• [What the task asks] Retype the listing below exactly, pictures removed.

• [Data excerpt]
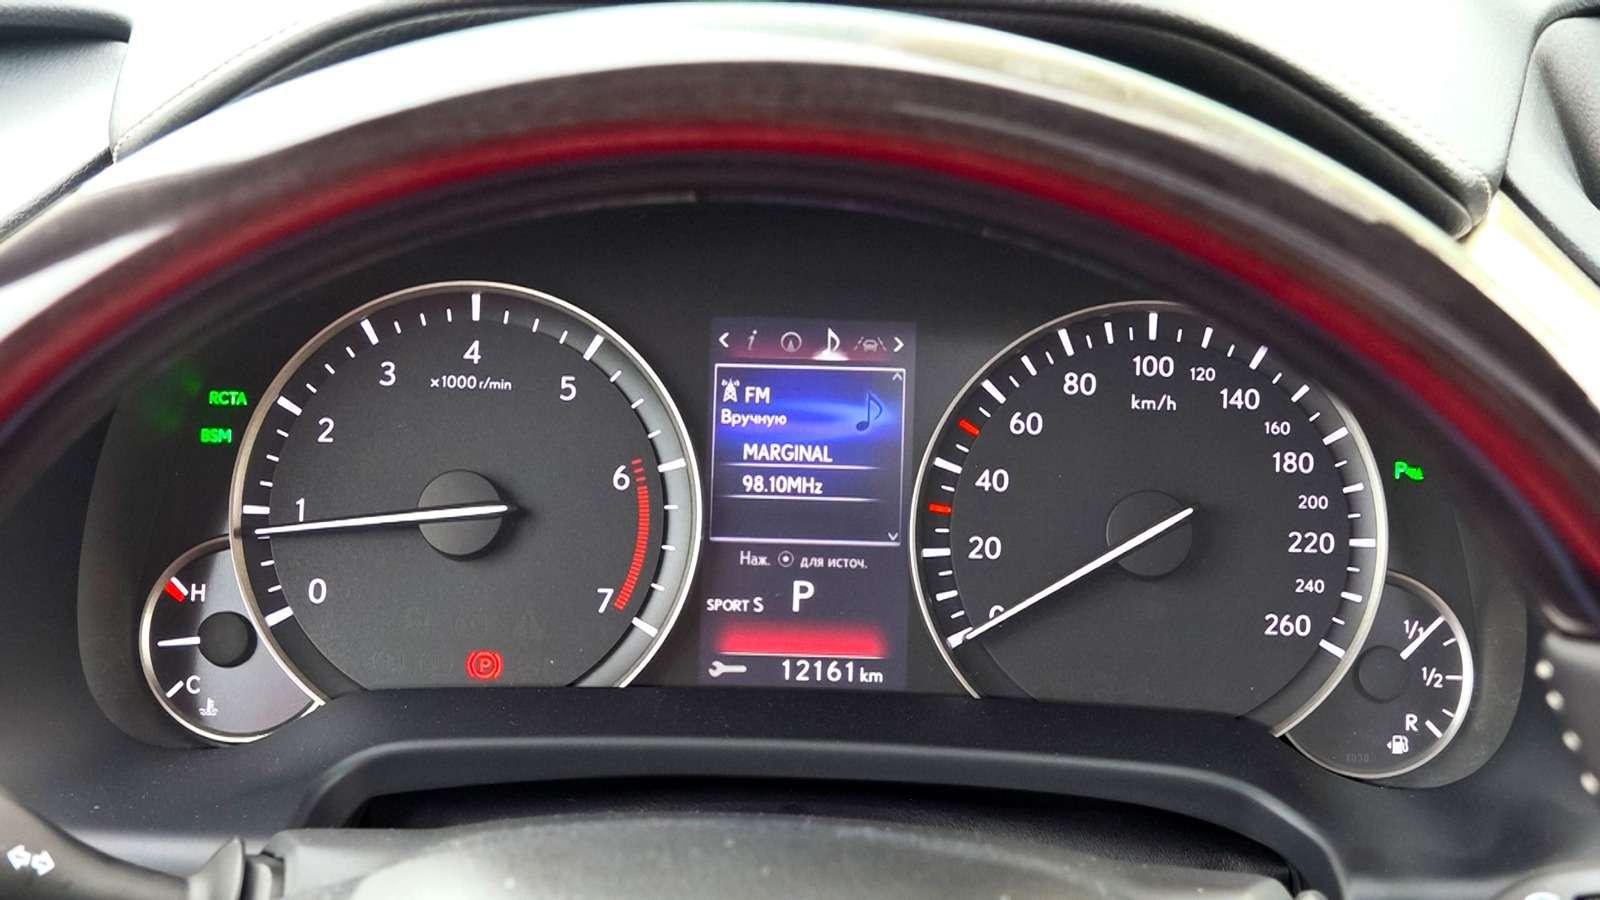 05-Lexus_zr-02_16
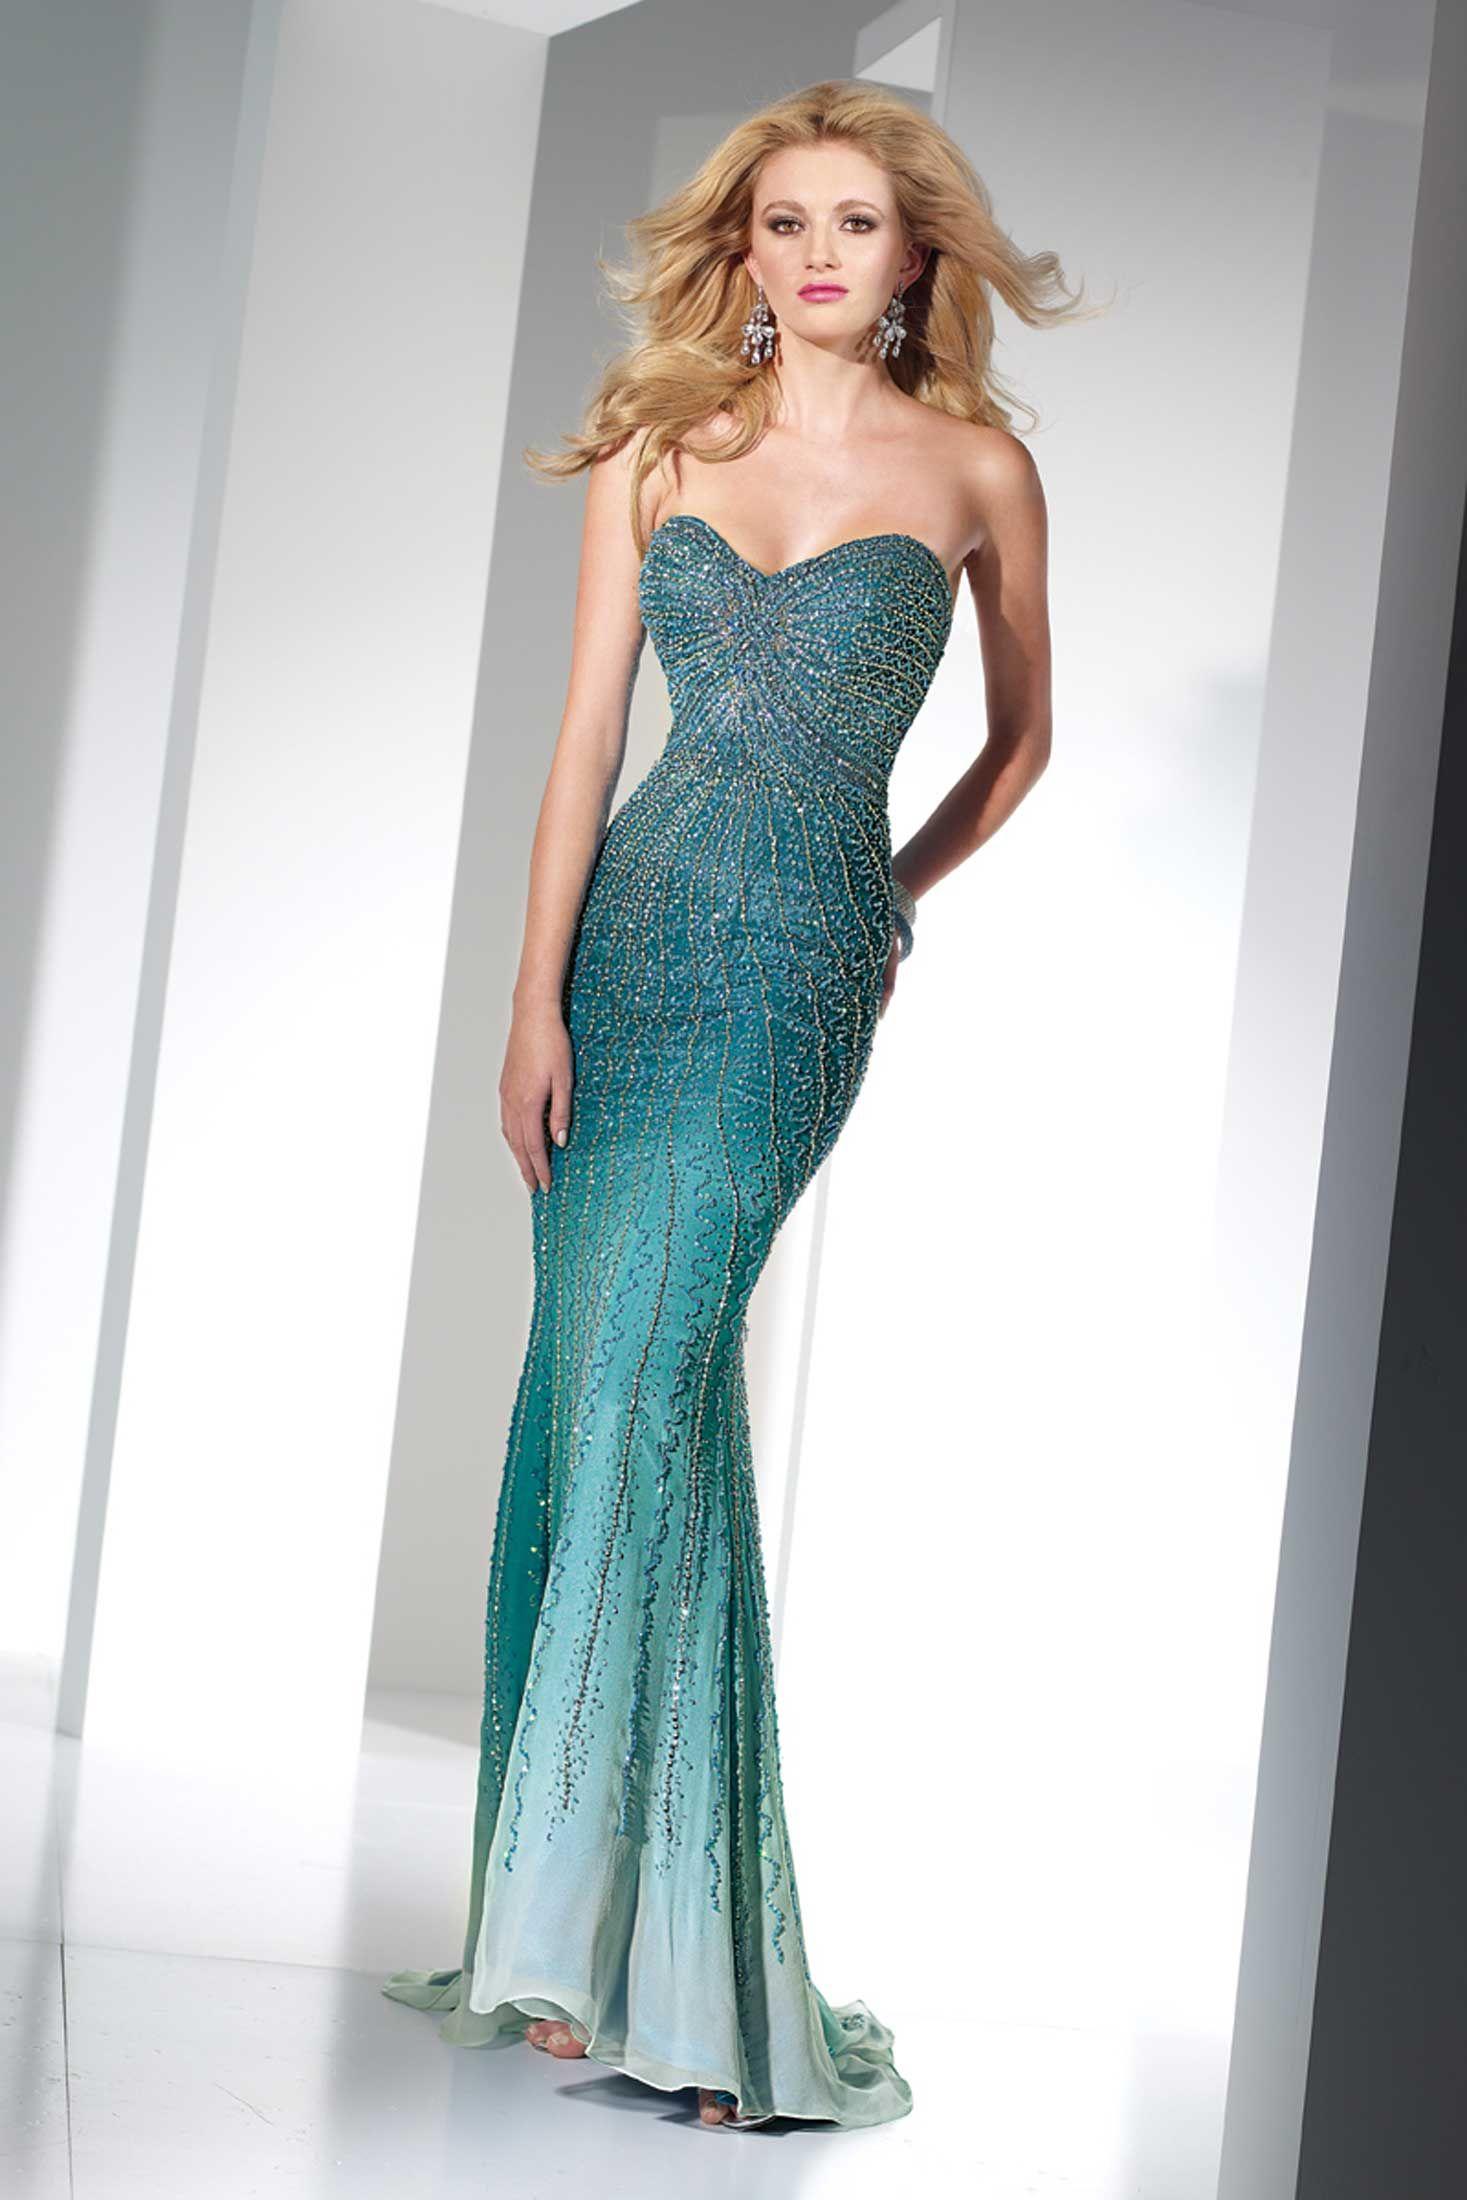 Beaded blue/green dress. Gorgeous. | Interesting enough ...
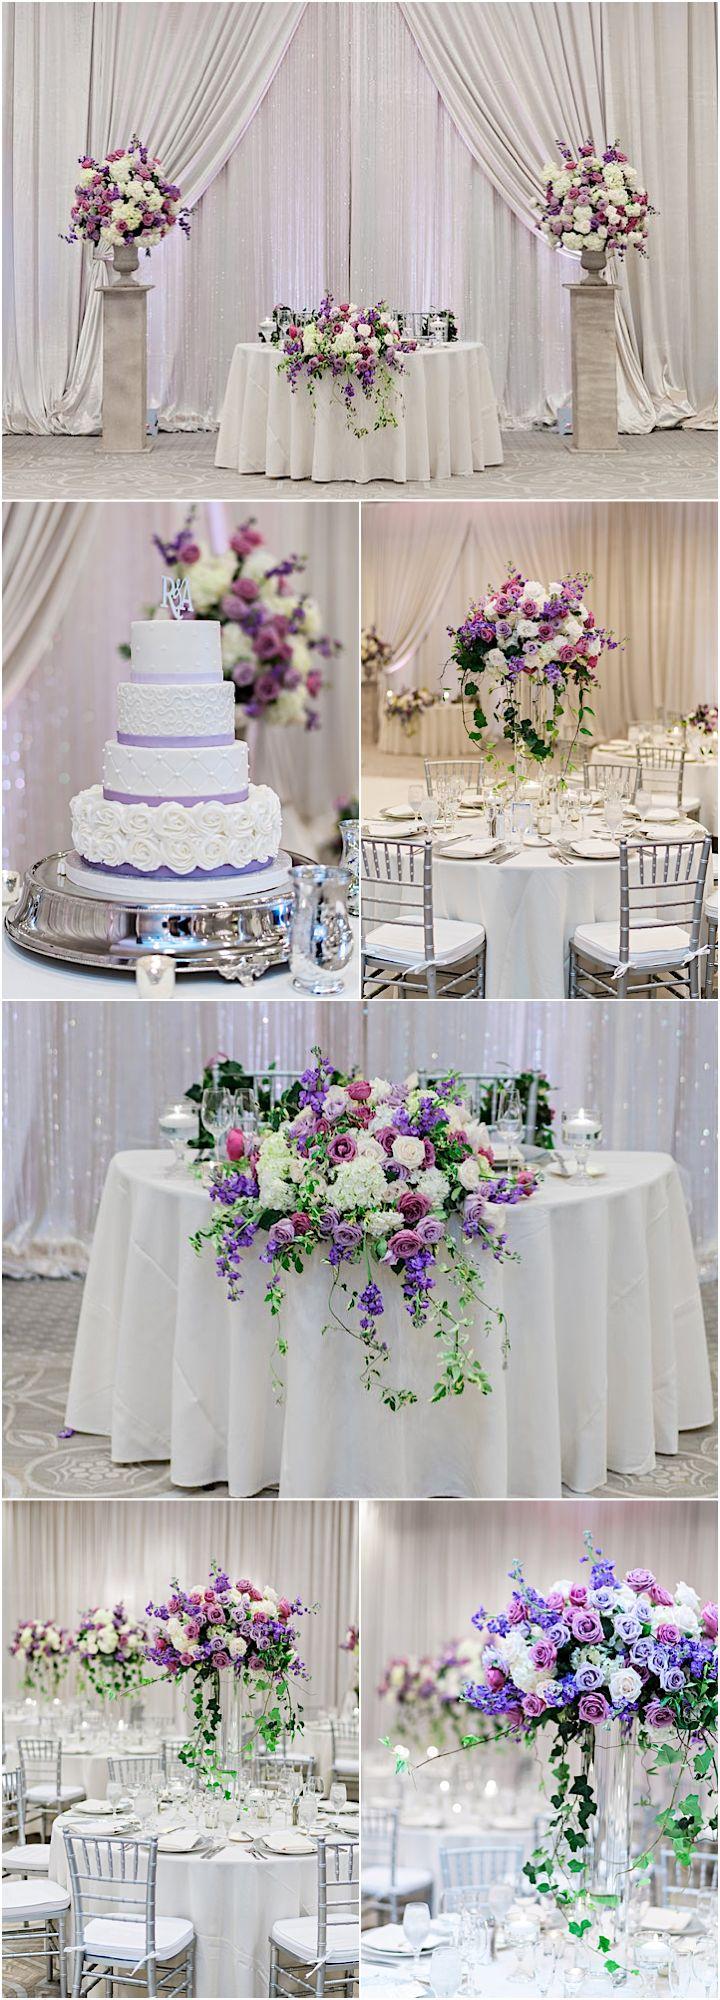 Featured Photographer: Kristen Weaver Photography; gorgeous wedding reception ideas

• [Solution below]
 05-Lexus_zr-02_16
 Beaded blue/green dress. Gorgeous. | Interesting enough ...
 Featured Photographer: Kristen Weaver Photography; gorgeous wedding reception ideas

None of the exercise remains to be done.